Could Some Patients With Fibromyalgia Potentially Have Hypophosphatasia? A Retrospective Single-Center Study 2023 Injean et al

Abstract

Objective
Hypophosphatasia (HPP) is a rare disease characterized by incomplete or defective bone mineralization due to a mutation in the alkaline phosphatase (ALP) gene causing low levels of ALP. Disease presentation is heterogeneous and can present as a chronic pain syndrome like fibromyalgia (FM). Our objective was to determine if there are any potential patients with HPP in the group of patients who were diagnosed with FM. Antiresorptive therapy use can trigger atypical femur fractures in patients with HPP.

Methods
We performed a retrospective chart review of all patients 18 years or older at a single academic center who were diagnosed with FM and had either a low or a normal ALP level. The following characteristics were reviewed: biological sex; age; history of fractures; diagnosis of osteoporosis, osteopenia, osteoarthritis, and chondrocalcinosis; genetic testing; vitamin B6 level testing; and medications.

Results
Six hundred eleven patients with FM were identified. Two hundred had at least one low ALP level, and 57 had at least three consecutively low measurements of ALP, 44% of which had a history of fractures. No patients had vitamin B6 levels checked. None of the patients had previous genetic testing for HPP or underwent testing for zinc or magnesium levels.

Conclusion
The percentage of patients with FM who were found to have consistently low ALP levels was 9.3%. None had vitamin B6 level or genetic testing, suggesting that the diagnosis was not suspected. It is important to diagnose HPP given the availability of enzyme replacement therapy to prevent complications from HPP such as fractures. Our data support screening for this condition as a part of the initial workup of FM.
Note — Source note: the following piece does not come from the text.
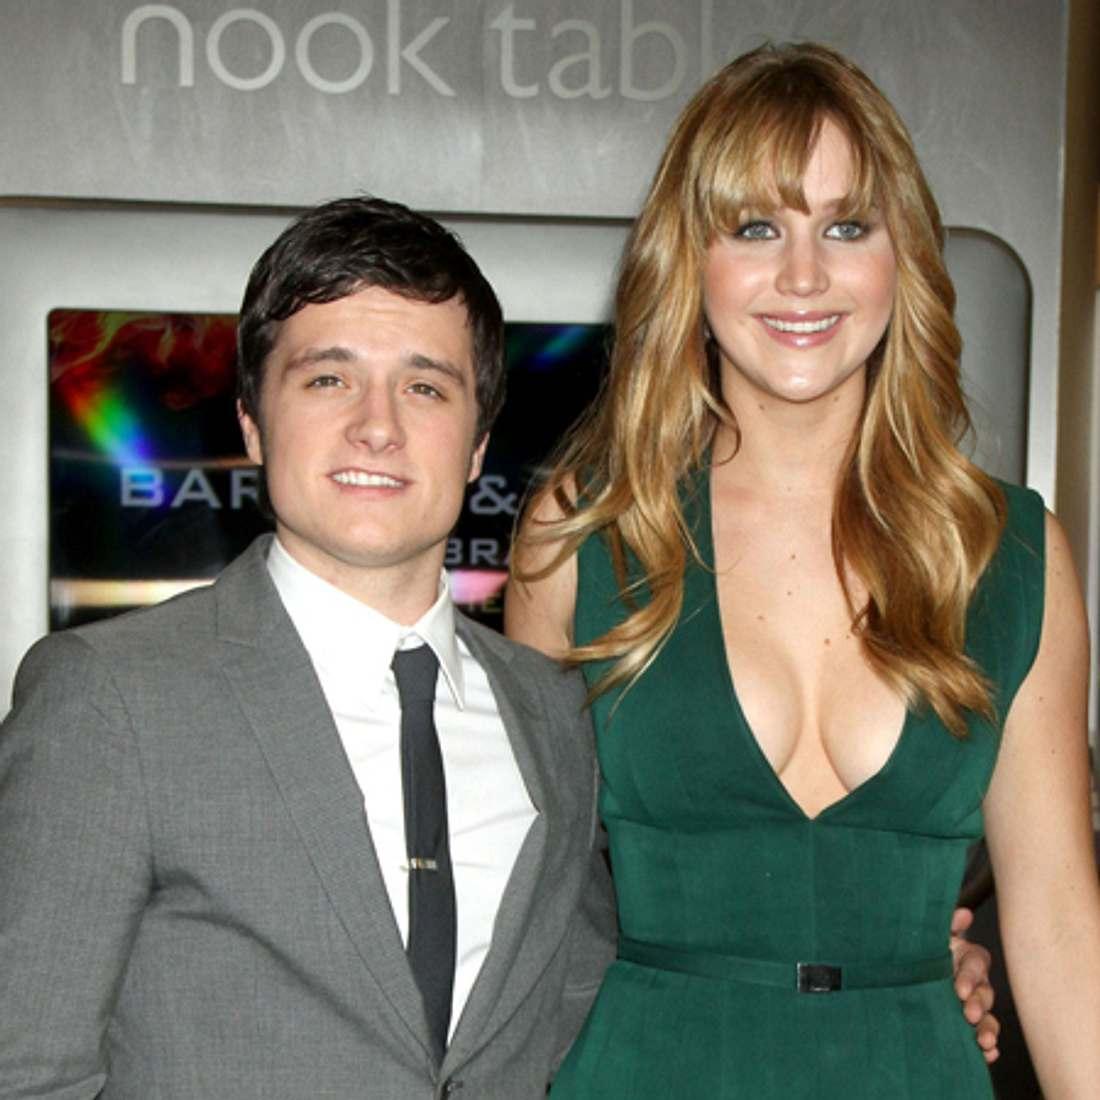 Josh Hutcherson packt aus: So war der Kuss mit Jennifer Lawrence
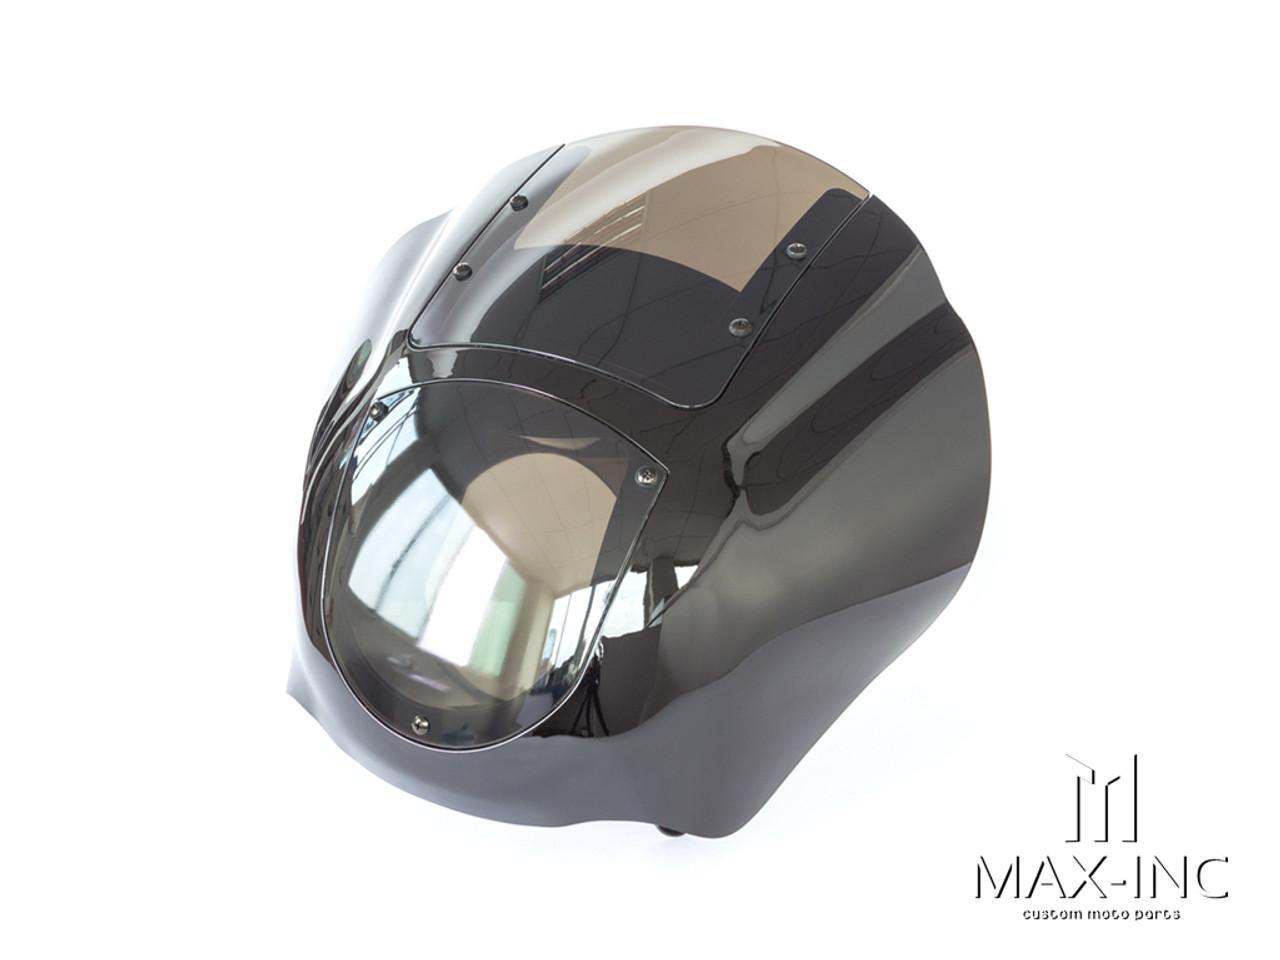 Harley Sportster / Dyna Detachable Quarter Headlight Fairing Kit - Smoked

Open access, https://acrjournals.onlinelibrary.wiley.com/doi/10.1002/acr2.11591

 

That great for the people who were identified as having this condition isn’t it, they otherwise would of languished until complications really escalated and probably even after that.

 

Thanks @Hutan. I only read conclusion of above post. I hope these study results get out and patients start demanding genetic testing. I know there isn’t capacity but only way to increase it is like loud demand.

 

I don’t know what ALP is really having only just been prompted to think about it. Why do Drs order tests for it generally?

 

I was diagnosed with this, but as far as I know it's the form that only affects teeth. It was suspected when I started losing some of my permanent teeth in my teens.

I'm going back decades, so there were no genetic tests, only X-rays. I've only become aware comparatively recently that there are other types; for most of my life I just thought it was a weird dental condition that my dad and I had.

 

Thanks. We've looked in UK Biobank data and don't see low alkaline phosphatase levels on average. If anything it might be slightly higher.